((

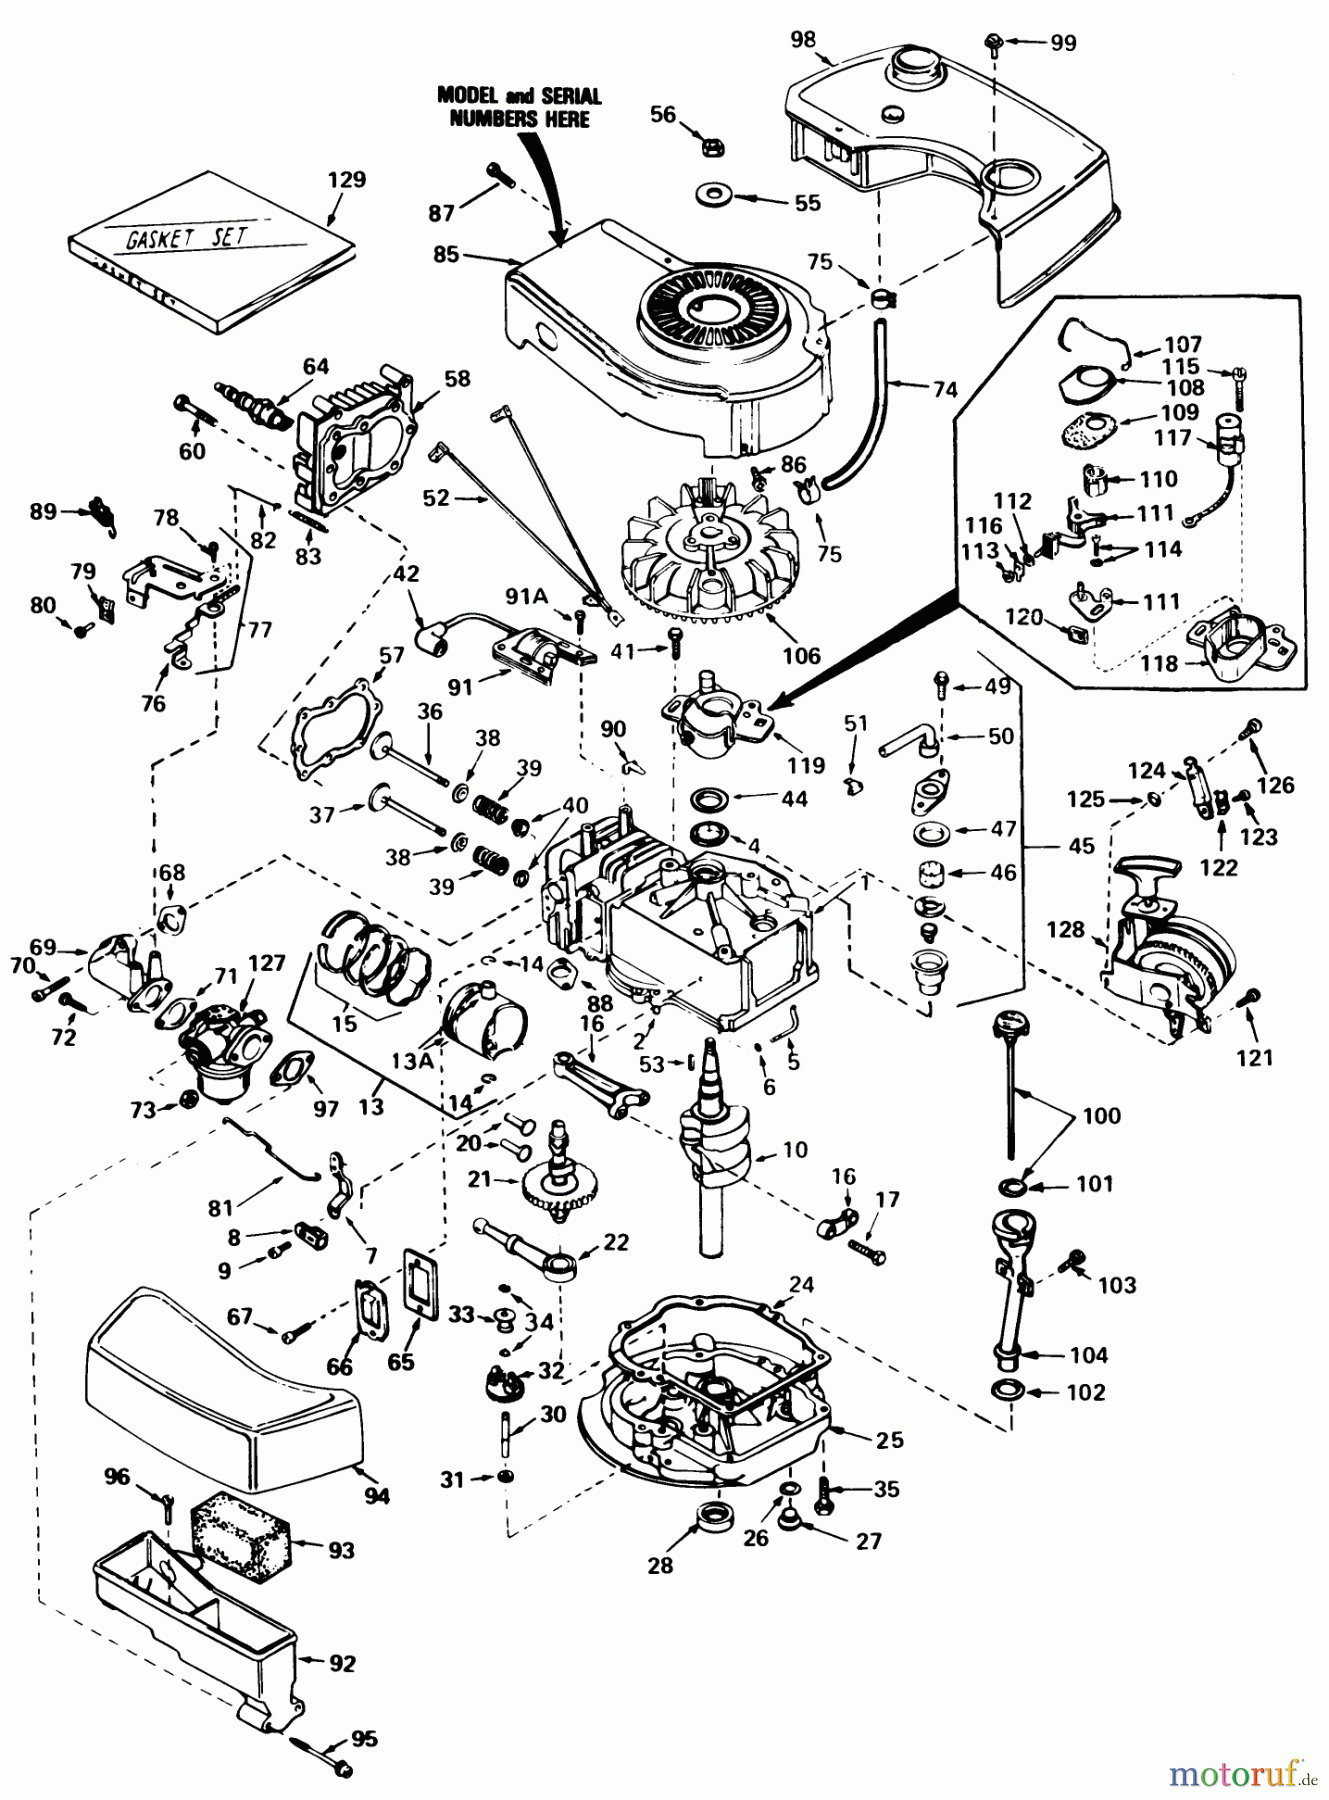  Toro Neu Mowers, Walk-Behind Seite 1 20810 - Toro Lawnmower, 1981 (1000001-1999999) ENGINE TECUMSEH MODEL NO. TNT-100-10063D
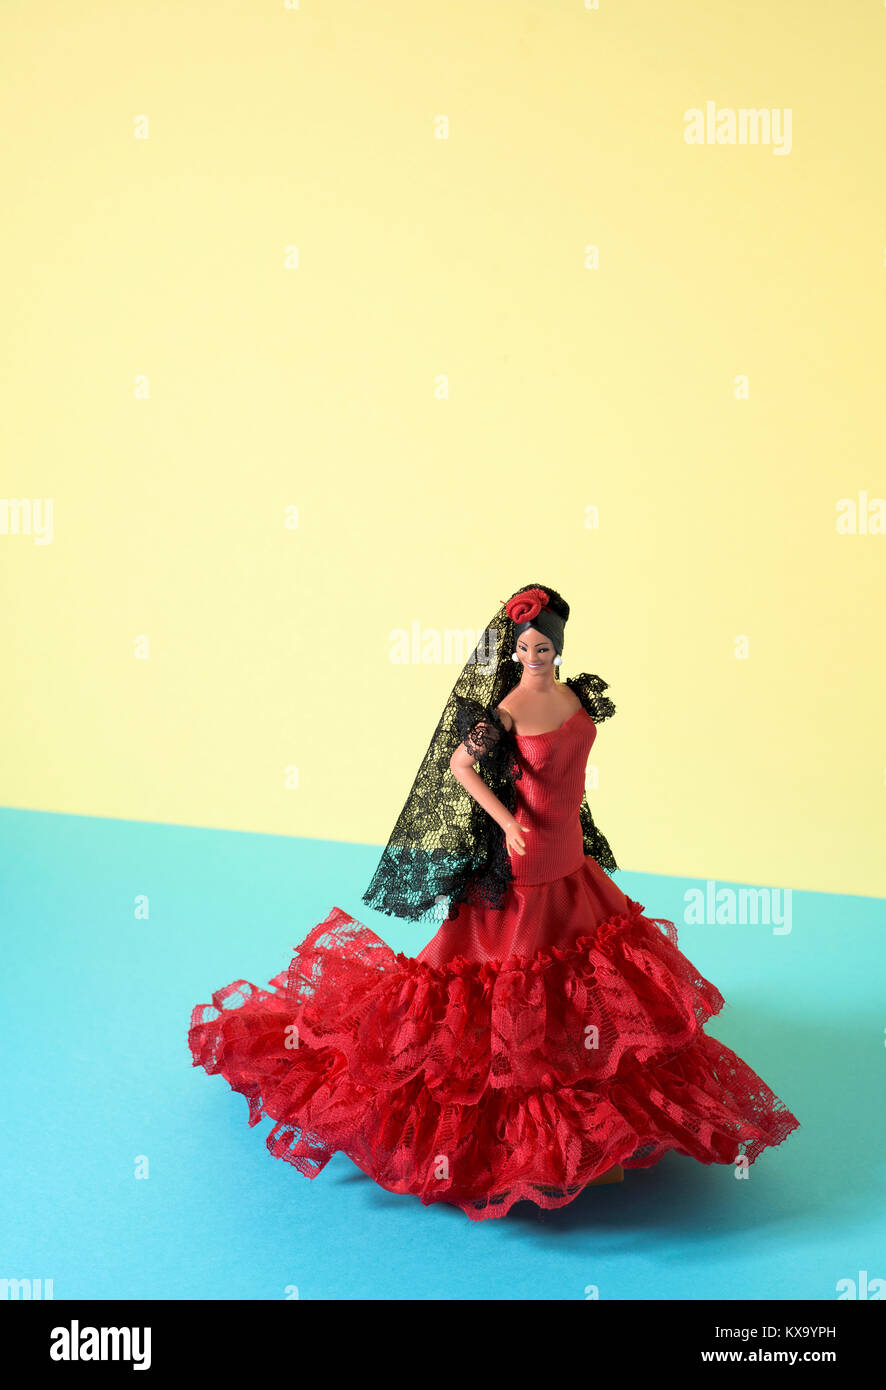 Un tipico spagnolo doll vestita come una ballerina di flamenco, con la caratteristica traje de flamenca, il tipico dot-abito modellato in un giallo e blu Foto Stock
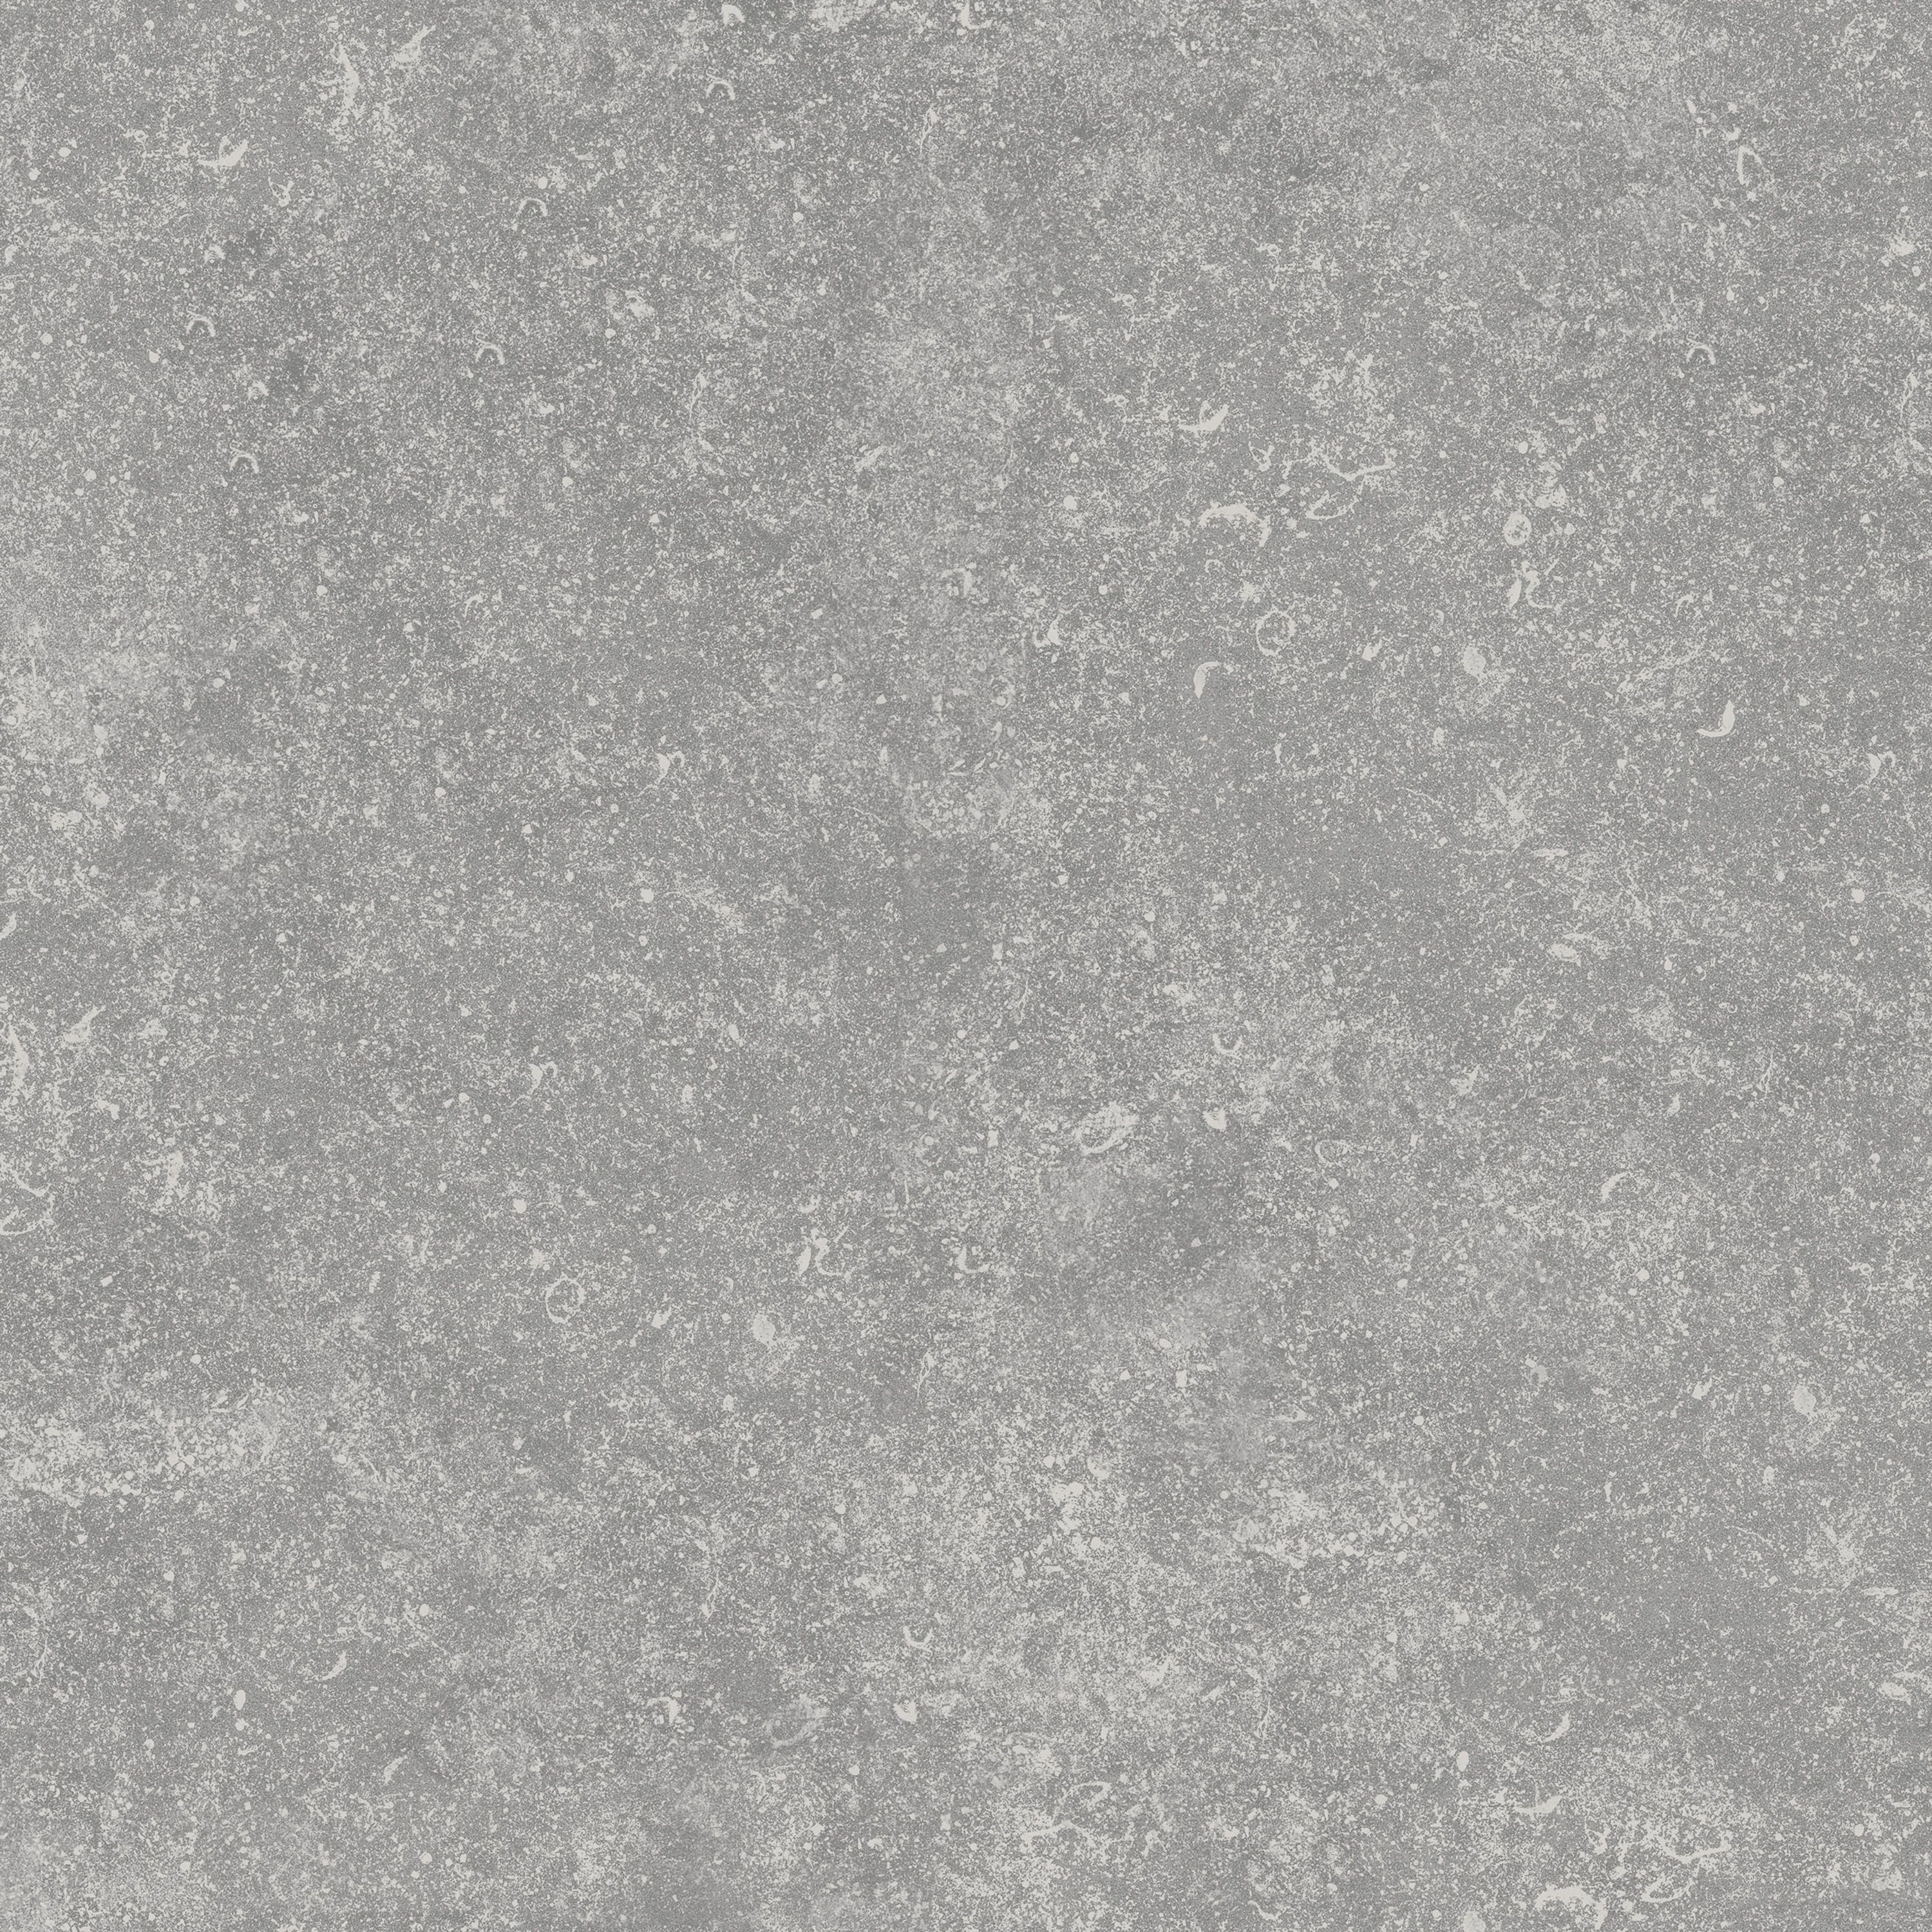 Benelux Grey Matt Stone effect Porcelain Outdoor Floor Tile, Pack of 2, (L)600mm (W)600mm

))

● **PROBLEM**
All lines above are to be restated word for word, with pictures excluded.

● **YOUR RESPONSE**
  Toro Neu Mowers, Walk-Behind Seite 1 20810 - Toro Lawnmower, 1981 (1000001-1999999) ENGINE TECUMSEH MODEL NO. TNT-100-10063D
 Un tipico spagnolo doll vestita come una ballerina di flamenco, con la caratteristica traje de flamenca, il tipico dot-abito modellato in un giallo e blu Foto Stock
 Benelux Grey Matt Stone effect Porcelain Outdoor Floor Tile, Pack of 2, (L)600mm (W)600mm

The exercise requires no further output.